How Alirocumab Works and Why Supplement Interactions Are Rare

Alirocumab is a fully human monoclonal antibody that binds proprotein convertase subtilisin/kexin type 9 (PCSK9), preventing PCSK9 from degrading LDL receptors on the hepatocyte surface [1]. More LDL receptors remain available to clear circulating LDL-C from the bloodstream. That mechanism sits entirely outside the cytochrome P450 system.

Monoclonal Antibody Clearance Is Distinct from Small-Molecule Drug Metabolism

Small-molecule drugs like statins pass through CYP3A4, CYP2C9, or other hepatic enzymes, creating opportunities for supplements to speed up or slow down their breakdown. Alirocumab does not. It is degraded through proteolytic catabolism, the same pathway the body uses to recycle endogenous immunoglobulins [2]. This means compounds that induce or inhibit liver enzymes have no measurable effect on alirocumab serum concentrations.

What the ODYSSEY Trials Tell Us About Co-Administration

In the ODYSSEY LONG TERM trial (N=2,341), alirocumab 150 mg every two weeks reduced LDL-C by 61% at 24 weeks when added to maximally tolerated statin therapy [3]. Patients in ODYSSEY trials used a range of concomitant medications, and the prescribing information lists no clinically significant drug-drug interactions [2]. No supplement-specific interaction studies exist for alirocumab, but the proteolytic clearance pathway makes pharmacokinetic interference biologically implausible.

What Alpha-Lipoic Acid Does in the Body

Alpha-lipoic acid is an organosulfur compound that functions as a cofactor for mitochondrial enzyme complexes, including pyruvate dehydrogenase and alpha-ketoglutarate dehydrogenase [4]. It is both water- and fat-soluble, giving it antioxidant activity in multiple cellular compartments. Supplemental doses typically range from 300 to 1,800 mg per day.

Glucose-Lowering Properties

ALA enhances insulin-stimulated glucose disposal. A meta-analysis of 20 randomized controlled trials (N=1,245) found that ALA supplementation reduced fasting blood glucose by a weighted mean of 10.13 mg/dL (95% CI: 4.48 to 15.79) and HbA1c by 0.35% compared to placebo [5]. The NATHAN 1 trial, a four-year RCT of 460 patients with diabetic polyneuropathy, used 600 mg/day of ALA and confirmed its tolerability profile alongside standard diabetes therapy [6].
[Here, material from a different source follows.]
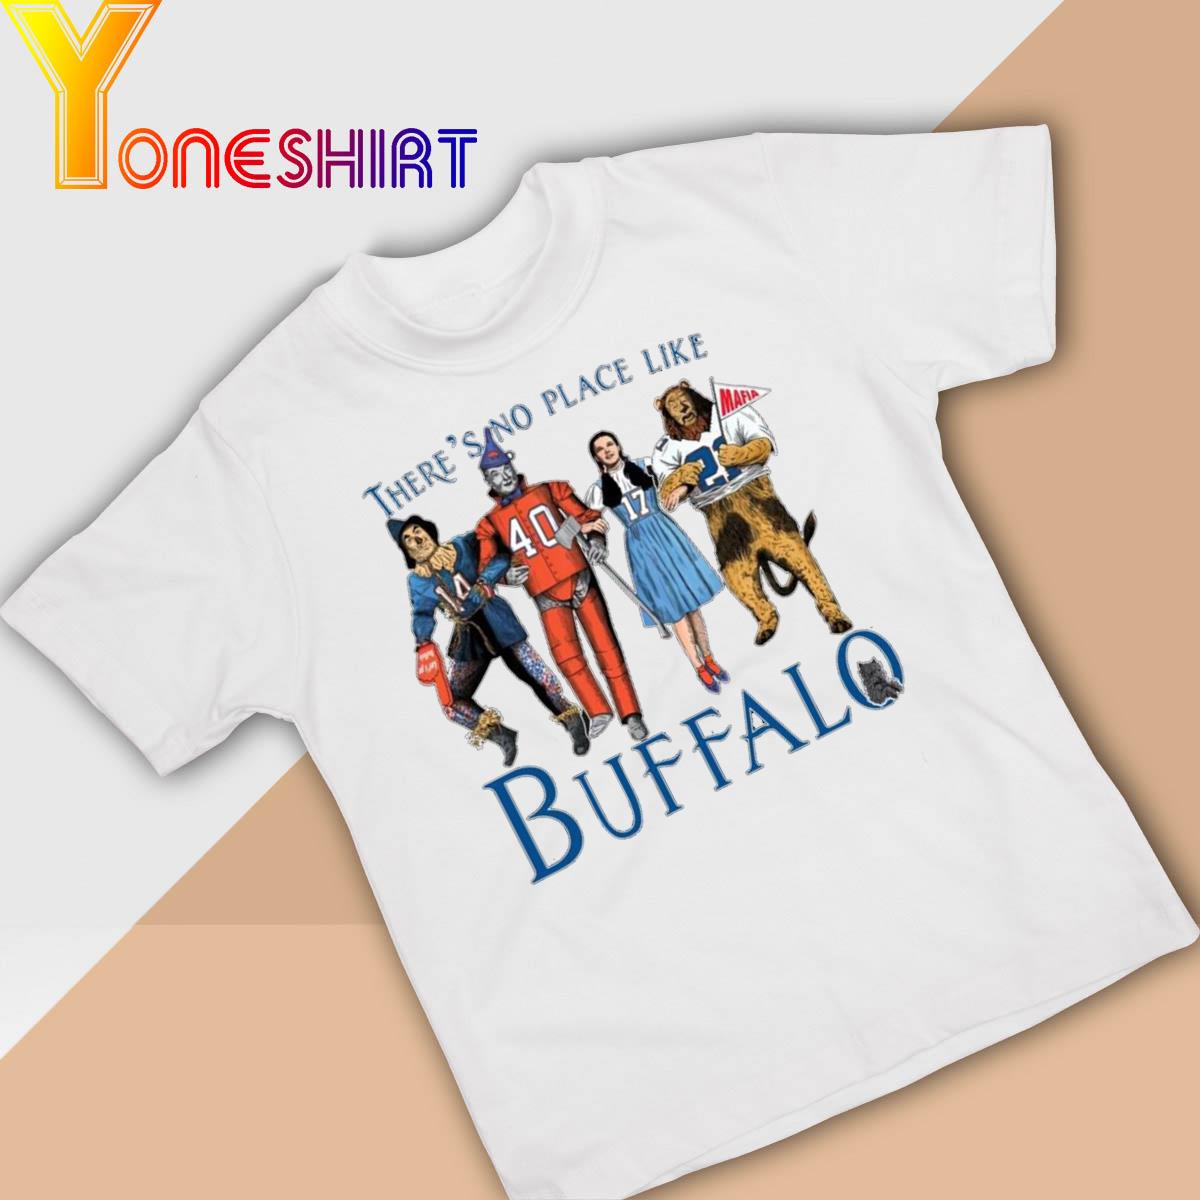 Josh Allen Wizard of Oz Buffalo Bills shirt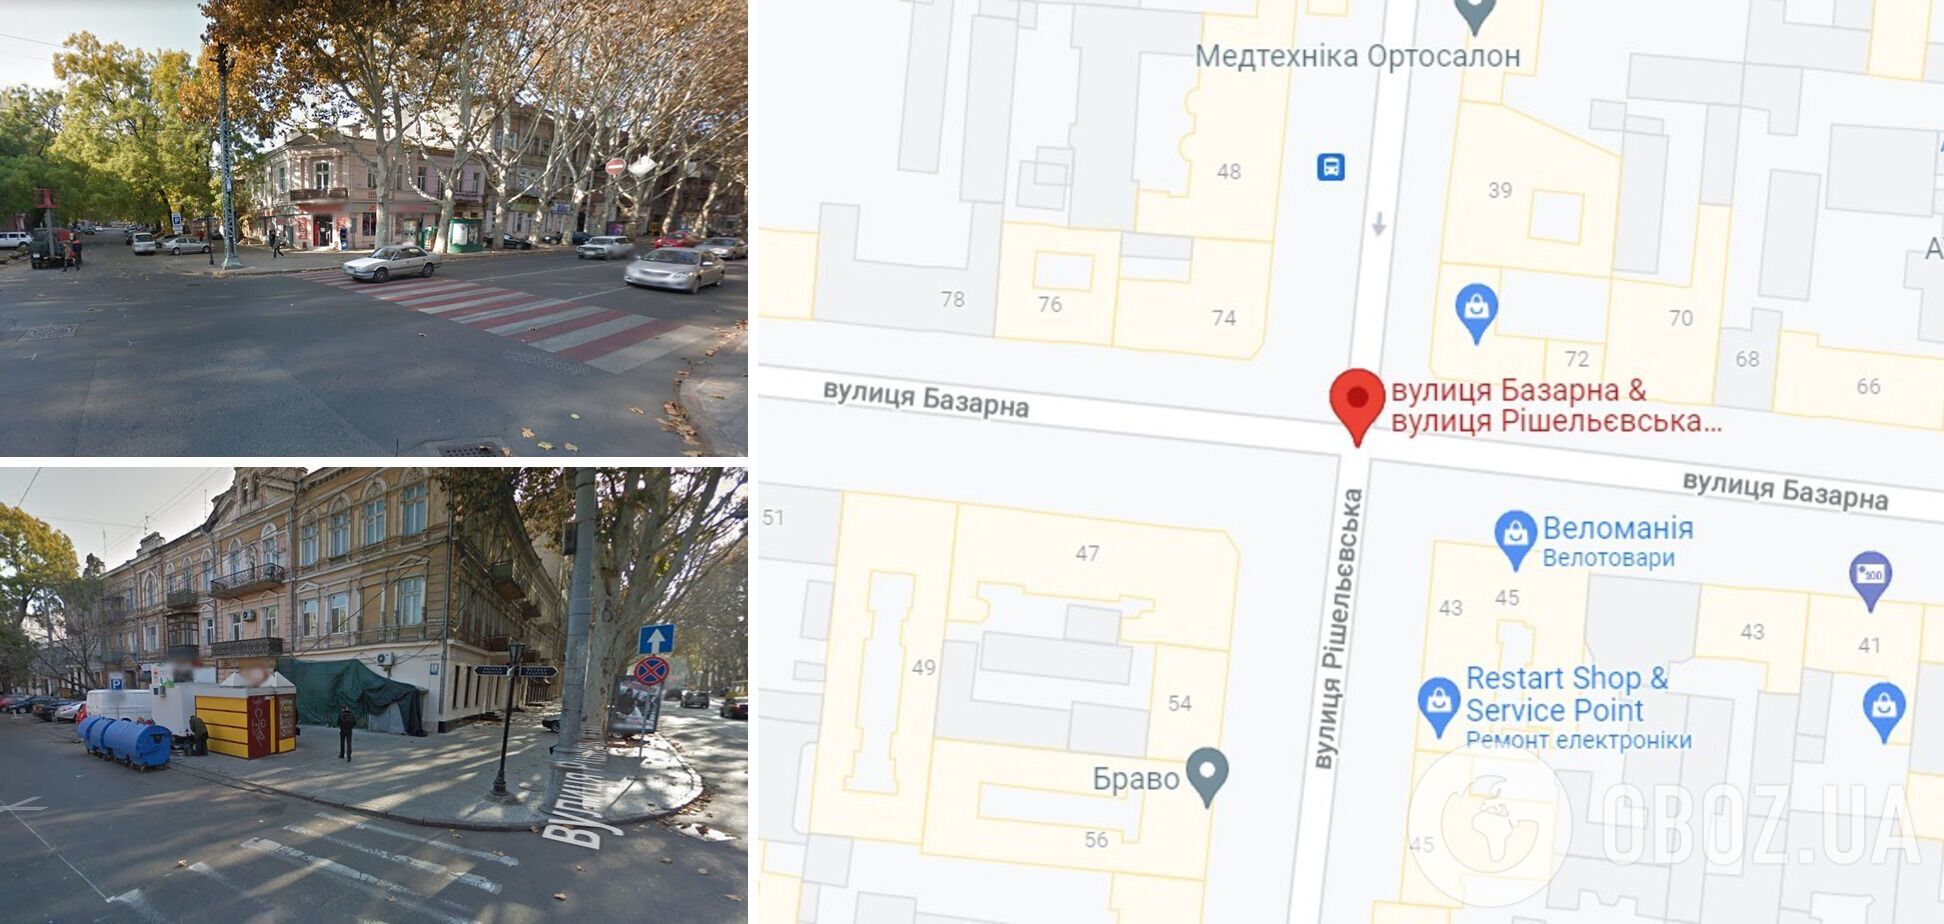 ДТП произошло на перекрестке улиц Ришельевская и Базарная

Thyroid Hormone Modulation

ALA may inhibit the peripheral conversion of thyroxine (T4) to triiodothyronine (T3) by reducing deiodinase enzyme activity [7]. A small clinical study (N=32) of patients receiving levothyroxine found that 600 mg/day of ALA for two weeks lowered free T3 levels while TSH rose modestly, suggesting reduced T4-to-T3 conversion [7]. This effect is pharmacodynamic, not pharmacokinetic. It does not change how alirocumab behaves.

Lipid Effects of ALA

Some evidence suggests ALA has a modest lipid-lowering effect of its own. A 2018 systematic review and meta-analysis of 12 RCTs (N=522) reported that ALA supplementation reduced total cholesterol by 8.8 mg/dL and LDL-C by 7.8 mg/dL, though results varied by dose and population [8]. These reductions are clinically small compared to the 50 to 60% LDL-C reduction produced by alirocumab. The lipid effects of ALA are additive, not antagonistic.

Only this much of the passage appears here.